My recent research has focused on trying to determine the mechanism by which insects induce pall galls (tumors) and its evolution, developing hierarchical models for abundance data, and automating avian population monitoring.”

Earl D. McCoy

·      Ph.D. from  Florida State University

·      Professor and Associate Chair at University of South Florida

“My students and I study a broad range of ecological and biogeographical problems. Many of our projects relate in some way to conservation biology, either in theory or in practice. Most of our current research deals with conservation and restoration of severely threatened upland habitats, particularly sandhill and scrub, in Florida. Within this framework, my students have focused their projects on a variety of topics: structure of gopher tortoise populations, demography and autecology of sand skinks, restoration of Florida mouse populations on lands mined for phosphate, and comparative biology of common and rare frogs, for example. Other students have focused their projects on topics such as methods of ecological analysis and the composition of species' assemblages. My own research encompasses additional topics in the areas of disturbance ecology, particularly fire ecology; biogeographical theory; and the philosophical basis of ecology.

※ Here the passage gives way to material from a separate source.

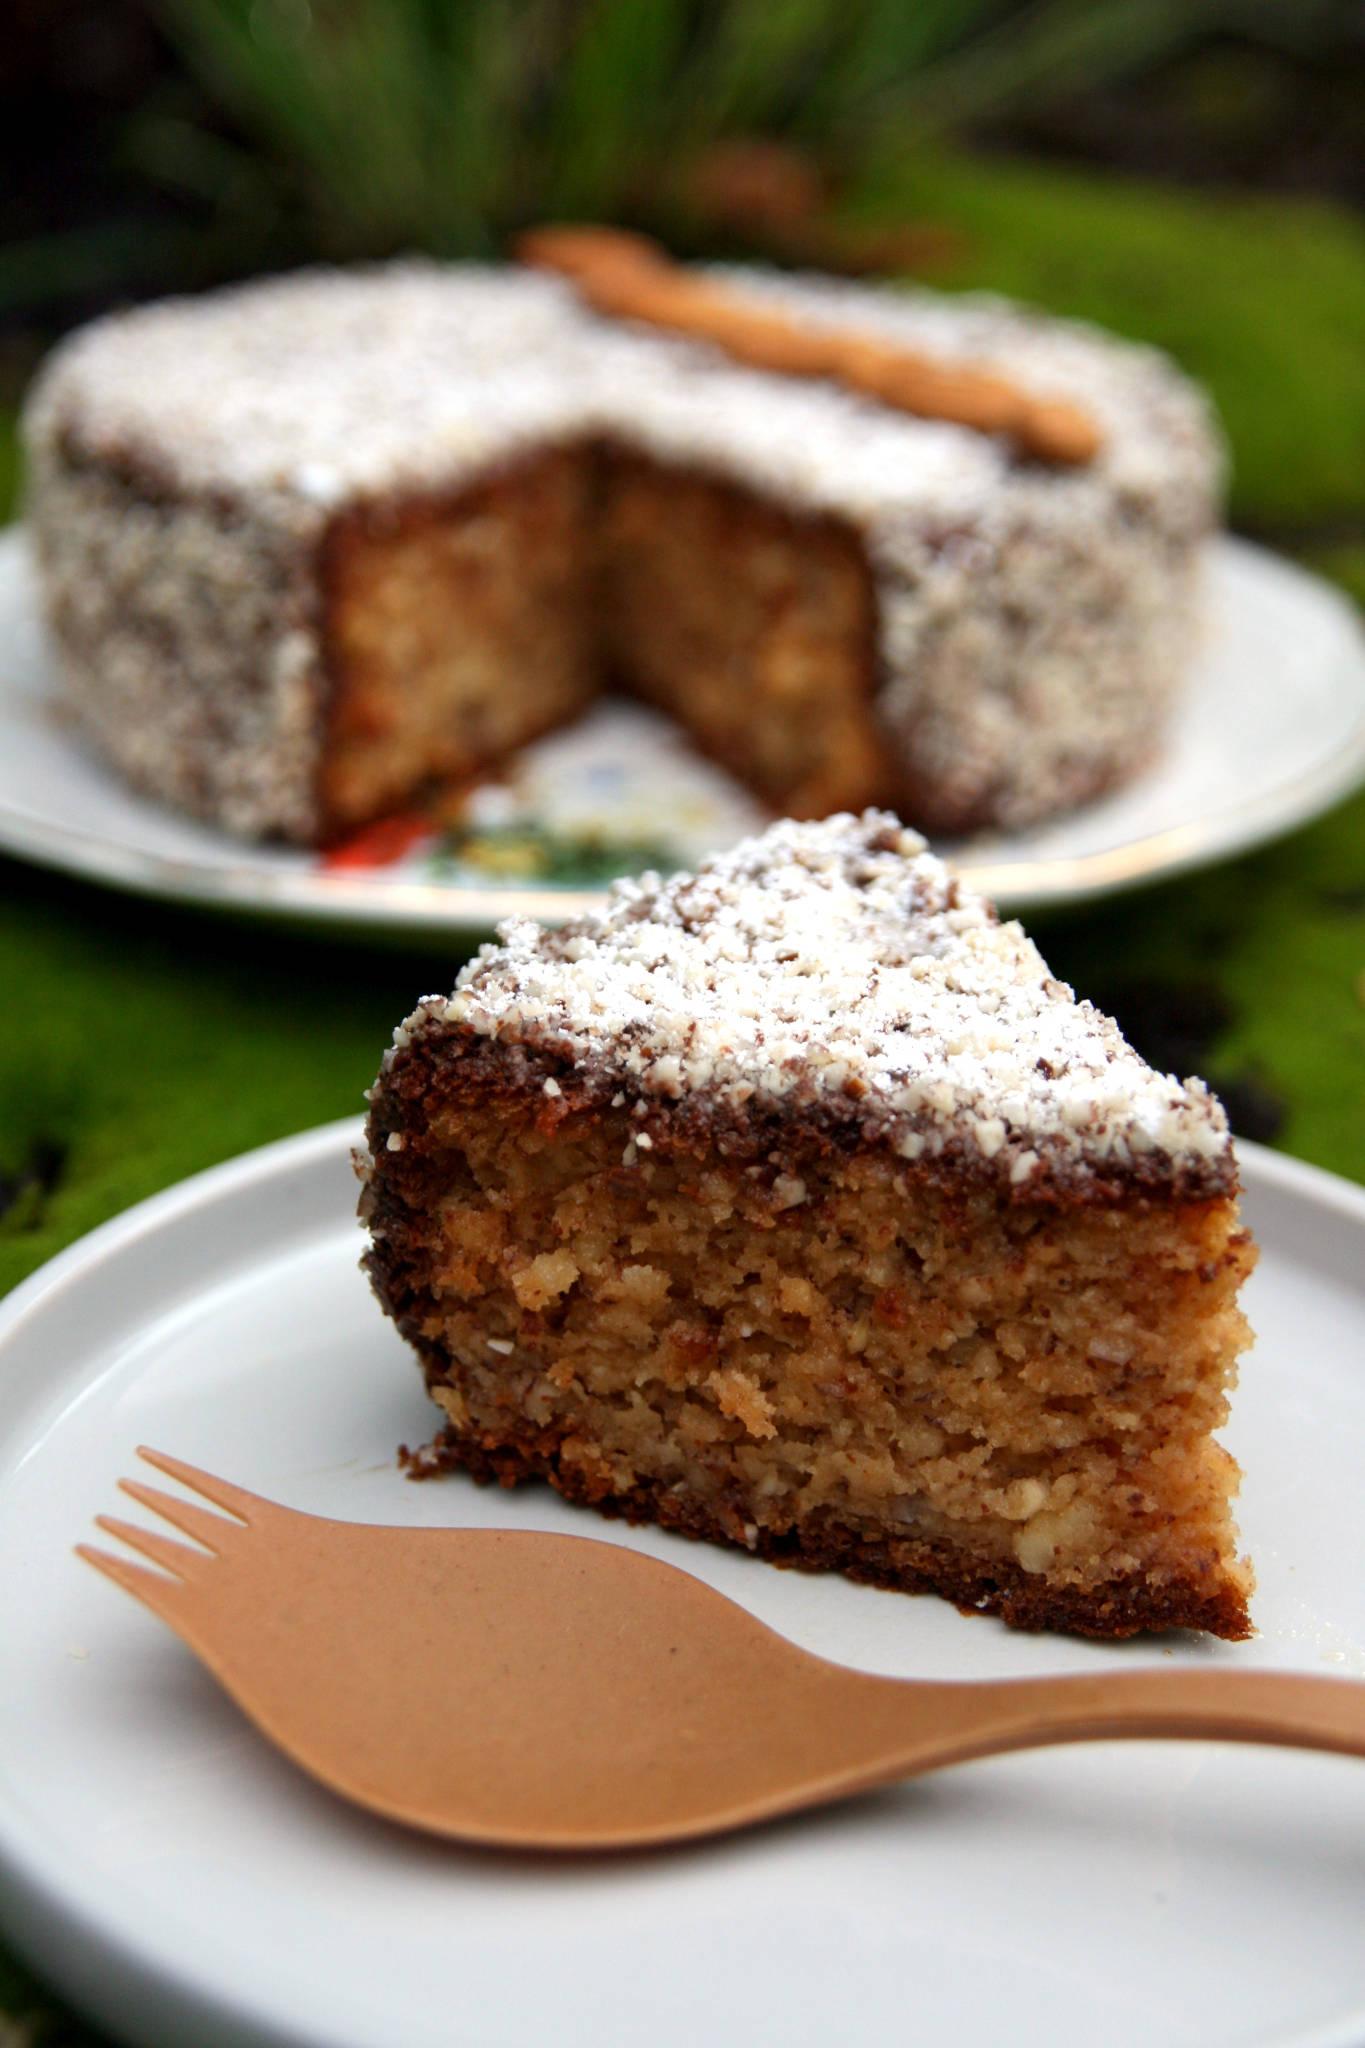 Gâteau au yaourt gourmand aux amandes

Virtually all of the research being conducted by my students is aimed at solving particular problems and, therefore, probably would be labeled "applied research" by many persons.”

Paper - Summary/Main points:

·      Concerned with use and interpretation of species-area curves.

·      Power function model vs. alternative models – is it the best model? Theoretically unique in explaining observations?

·      Biological explanations for these models?

(1) “Does the equilibrium model provide a unique theoretical basis for the species-area relationship?”

·      Habitat diversity hypothesis - with increased area, more variety of habitats?

·      Area-per se hypothesis - equilibrium theory of island biogeography?

·      Sampling hypothesis – passive sampling; increased sampling for larger areas?

(2) “Is the power function model (log/log), derived from equilibrium theory, the best model of the species-area relationship?”

·      Is there a model that statistically fits the data the best?

·      Danger in applying a model without comparison to other models/ignoring important assumption made when applying a model.

·      Analysis of 100 data sets of species-area curves from literature and re-analyzing using various models – found no best-fit model.

·      Note: did not look at curvilinear models?

·      The power function and the untransformed models provide good fits most frequently.

(3) “Can the parameters of the power function or other species-area models be interpreted biologically?”

·      Closer look at parameter values for models (e.g. z , k, log k)

·      Slope parameters – predictions and limitations and what this means

·      Published predictions and interpretations at the time were not supported by available evidence – needed more data/due to the nature of the claim could not be tested

Questions:

·      In this paper, the authors also discuss Arrhenius’s 1920 & 1921 papers and the equations from them (note previous reading). Were there limitations to these equations or were there underlying assumptions?

·      Do we have new evidence that might better explain some of these models now, biologically?

·      Why did the authors not look not look at curvilinear models? Is this relevant?